Горевал он в своей крохотной каморке до тех пор, пока не дождался «сигнала» – ора будильников и тупого грохота совсем рядом, в узкой комнате возле самого входа. Там жил сосед – первокурсник технологического института, румяный комсомолец Рома из Костромы, у которого в жизни не было никаких проблем (а уж таких, как у Марика, тем более), кроме одной: он никак не мог утром проснуться. У Ромы было целых три будильника. Один большой, еще довоенный, с черными стрелками-усами и алюминиевыми бубенчиками, каждый величиной с крышку от консервной банки. Второй – трофейный, доставшийся ему от воевавшего отца, в дубовом корпусе, с накладными рельефными цифрами из латуни, суровым профилем орла и надписью «Mouthe» в медном треугольнике на задней крышке. Третий дарила Роме на день рождения вся квартира – это был пузатый крепыш марки «Слава» с желтоватым циферблатом, красной секундной стрелкой и блестящей ручкой на башке, как у бабушкиного бидона. Но несмотря на три исправно выполнявших свою работу будильника, Рома по утрам проснуться не мог. Не выручало ни пустое ведро, куда он ставил кого-нибудь из трезвонящих чудищ для усиления звука, ни даже то, что он фактически спал на «Славином» циферблате, ухом на пупырчатых бубенцах. Вот ухо-то комсомольское как раз все слышало, но молодой спортивный организм, утомленный за день формулами, лекциями, факультативным баскетболом и дружескими студенческими посиделками, отказывался реагировать на утренние трели должным образом. И Рома снова засыпал сладким сном праведника. А соседей будить себя он никогда не просил – стеснялся.

И тот грохот, который слышал Марик, сидя в «междверье», был не чем иным, как последним аргументом в пользу победы человека над собственным сном: на первой ноте этого чудовищного перезвона Рома молниеносно скидывал с себя одеяло, перекатывался через край раскладушки – и бух на пол всеми спортивными костромскими килограммами. А пол холодный, у Ромы даже половика не водилось. И вот только так, лежа голышом на паркетных половицах, Рома и мог проснуться. А будильники – ерунда ленинградская.

По грохоту здорового Роминого тулова на паркет, неизменного, как залп пушки на Петропавловской крепости, все соседи понимали: уже совсем-совсем надо выбегать из дома, чтобы не опоздать, кому куда надо было.

– Я уже в ботиках! – раздался рядом в прихожей Ниночкин голосок, и Марик понял, что сейчас она откроет первую дверь и увидит его с позорными серыми дорожками от слёз на щеках.
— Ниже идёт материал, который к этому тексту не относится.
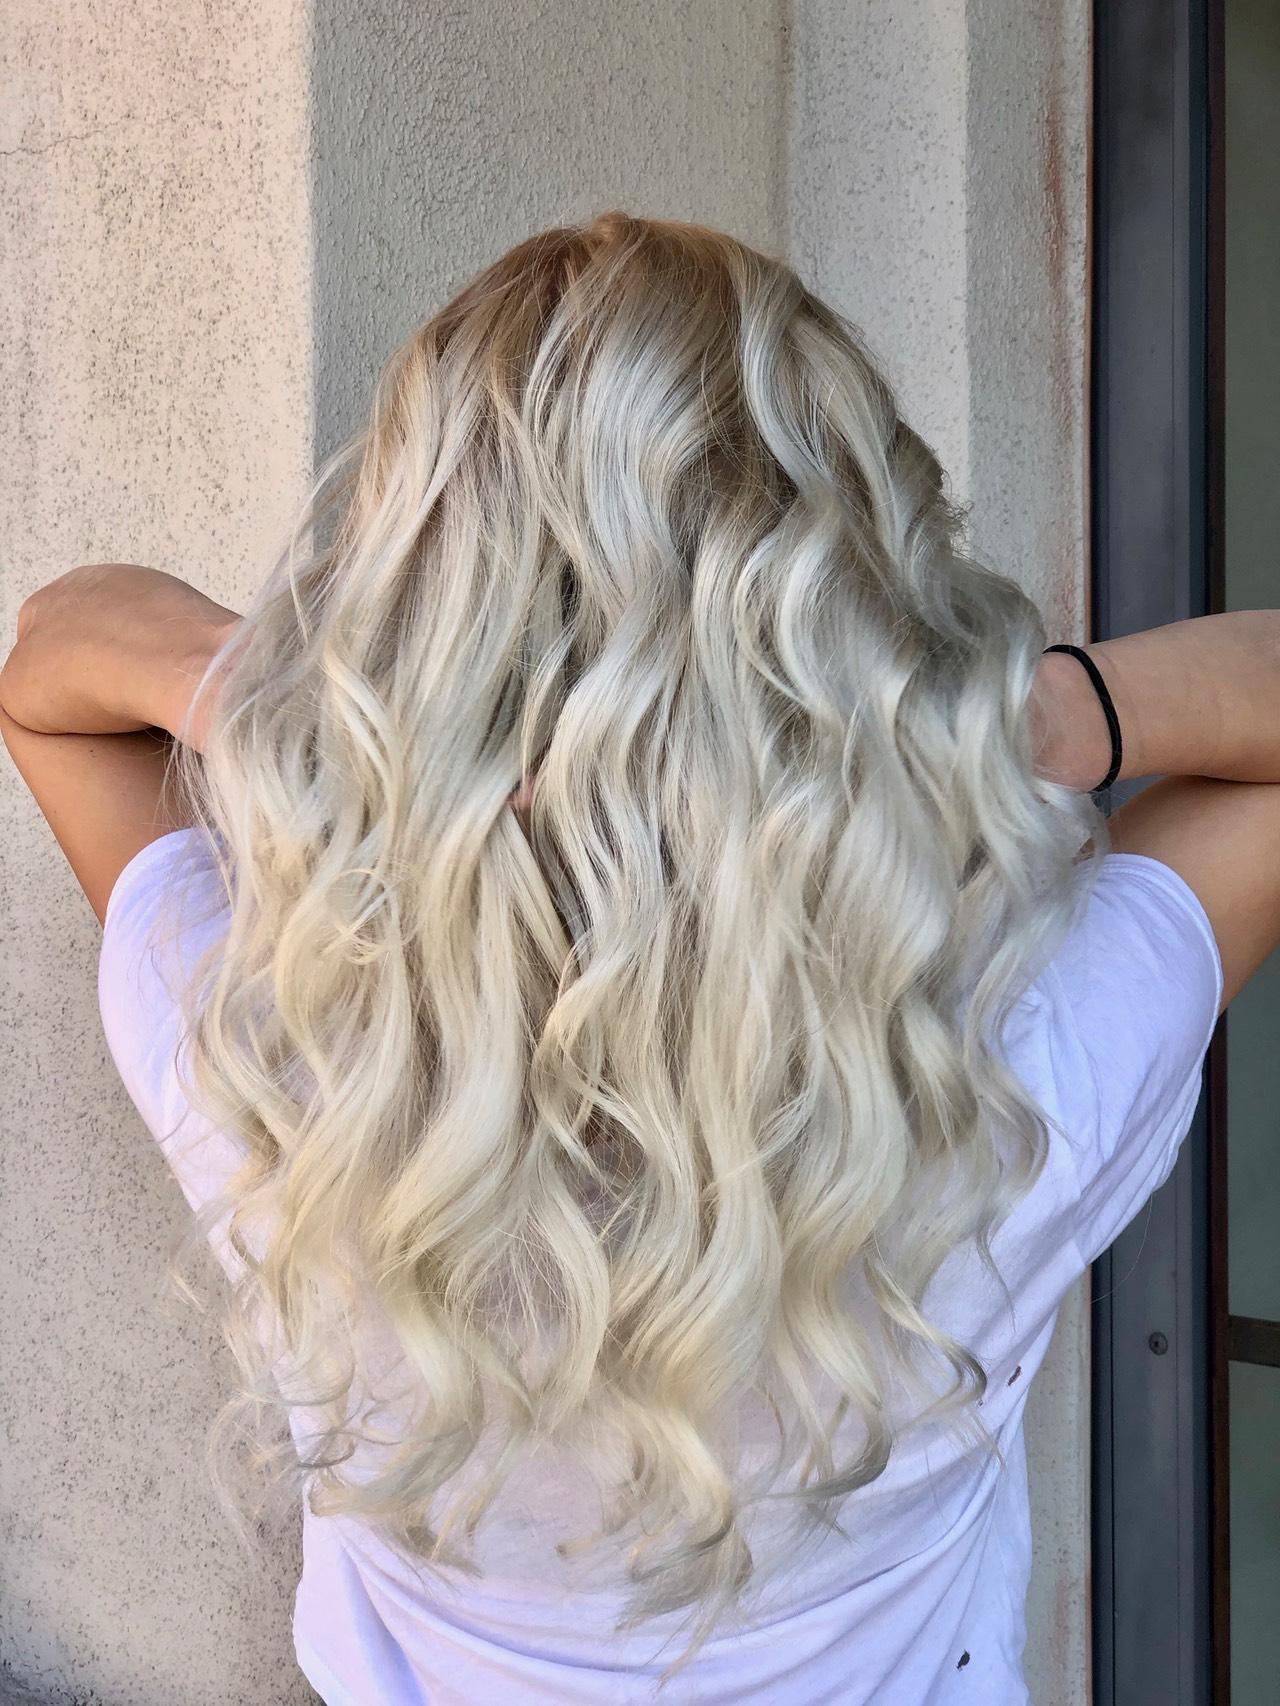 The Brighter Ideas Of Hair Color Haircolor Correction

Под возню Ниночкиных мамы и бабушки в коридоре – спешно целующих, подающих всегда забываемый мешок с физкультурой, завязывающих тесемки на шапочке – Марик толкнул входную дверь. И, уже оказавшись на лестнице, вдруг вспомнил, что портфель так и остался стоять в простенке, на ящике с картошкой.

«Ну и ладно! На тимуровский сбор все равно опоздал!» – подумал он и вздохнул тяжело-тяжело, как если бы кто и наблюдал за ним сверху, из космоса или заплеванного лестничного потолка, то и правда решил бы: переживает малец, ведь не прогульщик.

А ведь мог бы успеть, не поздно еще! Пусть не на сбор – на уроки. Но Марик уже не думал об этом, а, перескакивая через две ступени, мчался на улицу. На третьем этаже он залез на перила, лег животом на деревянный поручень и, дребезжа пуговицами пальто и пряжкой на ремне, гордо съехал вниз, к желтым почтовым ящикам, улыбающимся ему щербатыми прорезями.

…На улице было ветрено, холодно для середины весны, но день обещал быть солнечным, по-апрельски ярким. И через три недели наступит Первое мая, можно будет орать песни на демонстрации, махать трибунам флажками и протыкать гвоздем шарики у девчонок. И летние каникулы уже очень скоро!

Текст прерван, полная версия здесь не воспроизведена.